Gene therapy is a novel means of anticancer treatment that has led to preliminary positive results in the preclinical setting, as well as in clinical trials; however, successful clinical application of this approach has been hampered by the inability of gene delivery systems to target tumors and to deliver a therapeutic payload to disseminated tumor foci efficiently. Along with viral vector systems, various mammalian cells with tropism for tumor cells have been considered as vehicles for delivery of anticancer therapeutics. The discovery of the inherent tumor-tropic properties of neural stem cells (NSCs) has provided a unique opportunity to develop targeted therapies that use NSCs as a vehicle to track invasive tumor cells and deliver anticancer agents selectively to diseased areas. Many in vivo and in vitro studies have demonstrated that the targeted migration of NSCs to infiltrative brain tumors, including malignant glioma, provides a potential therapeutic approach. In this review, the development of NSCs as targeted carriers for anticancer gene therapy is discussed, and barriers in the path to the clinic, as well as approaches to overcoming such barriers are presented.

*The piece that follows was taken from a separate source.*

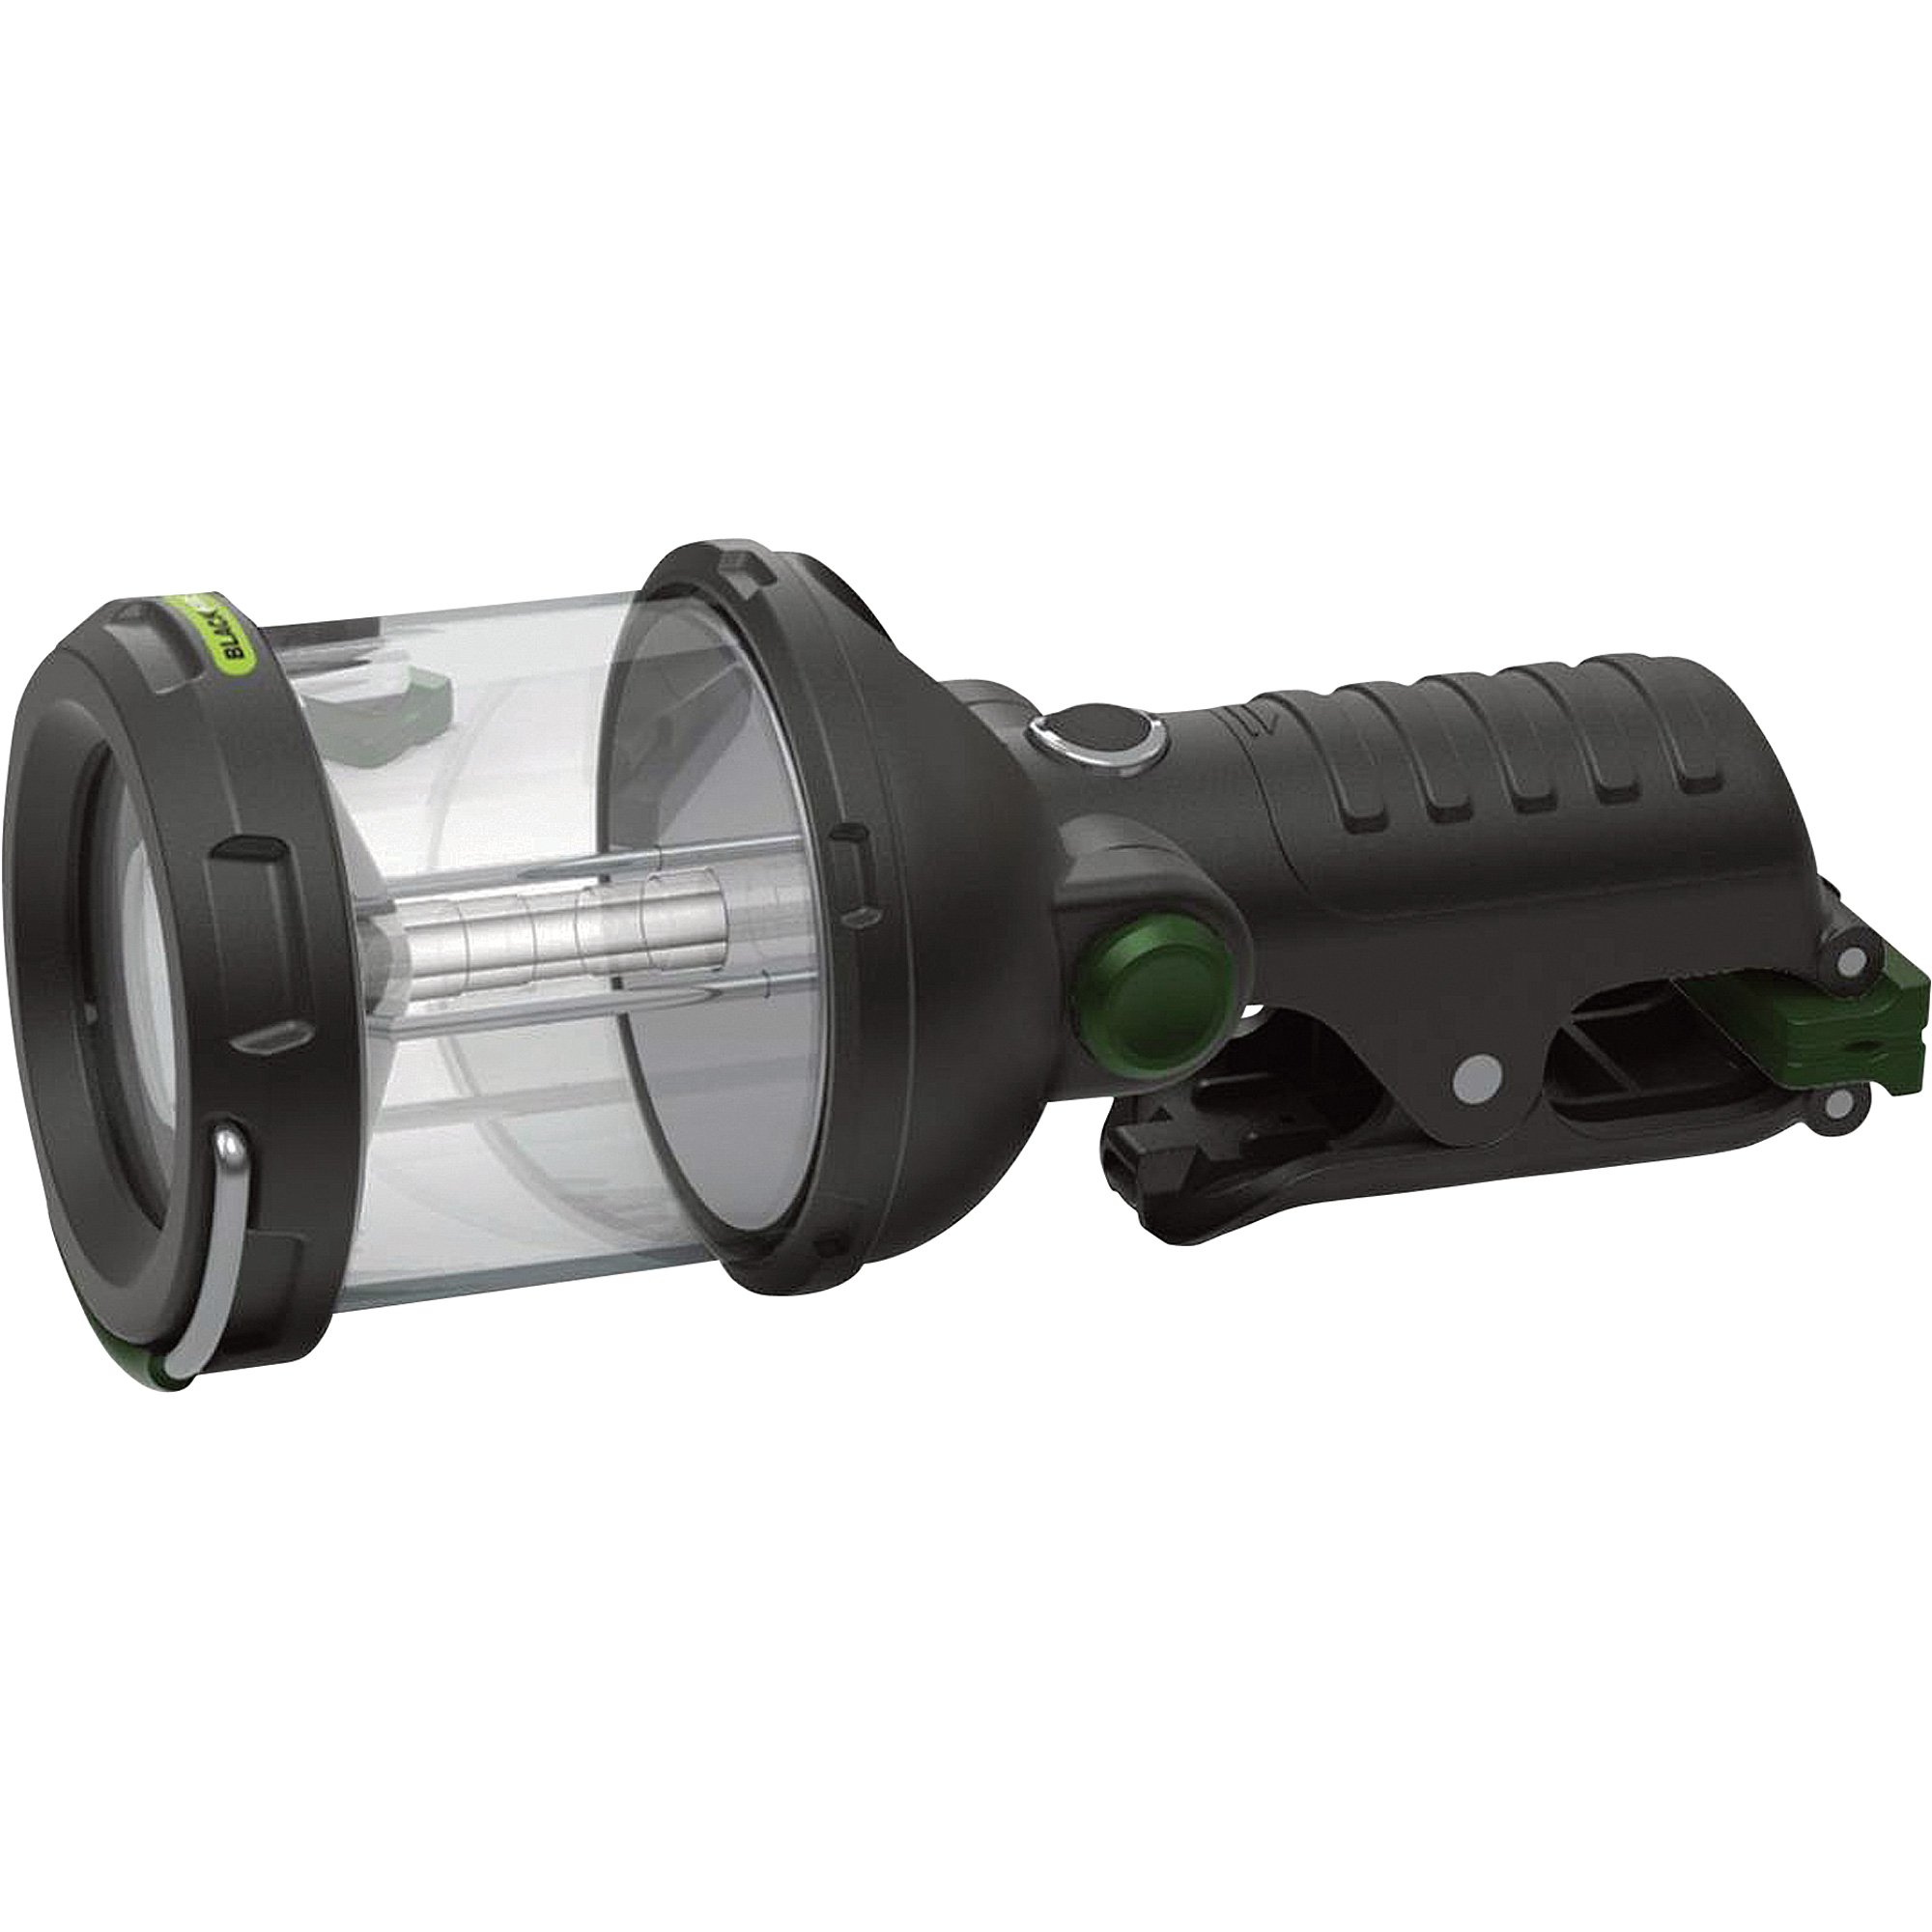 Blackfire Rechargeable Weatherproof Flashlight with Lantern

神经干细胞在癌症基因治疗中的应用:预测其临床应用路径。
基因治疗是一种新的抗癌治疗手段,在临床前和临床试验中都取得了初步的积极成果;然而,这种方法的成功临床应用一直受到基因传递系统无法靶向肿瘤和有效地将治疗有效载荷传递到弥散性肿瘤病灶的阻碍。随着病毒载体系统,各种具有肿瘤细胞倾向的哺乳动物细胞被认为是抗癌治疗的载体。神经干细胞(NSCs)固有致瘤特性的发现为开发靶向治疗提供了独特的机会,这种靶向治疗利用NSCs作为追踪侵袭性肿瘤细胞的载体,并选择性地将抗癌药物输送到病变区域。许多体内和体外研究表明,NSCs靶向迁移到浸润性脑肿瘤,包括恶性胶质瘤,提供了一种潜在的治疗方法。本文就NSCs作为抗癌基因治疗的靶向载体的发展进行了综述,并提出了其应用于临床的障碍以及克服这些障碍的方法。
本文章由计算机程序翻译,如有差异,请以英文原文为准。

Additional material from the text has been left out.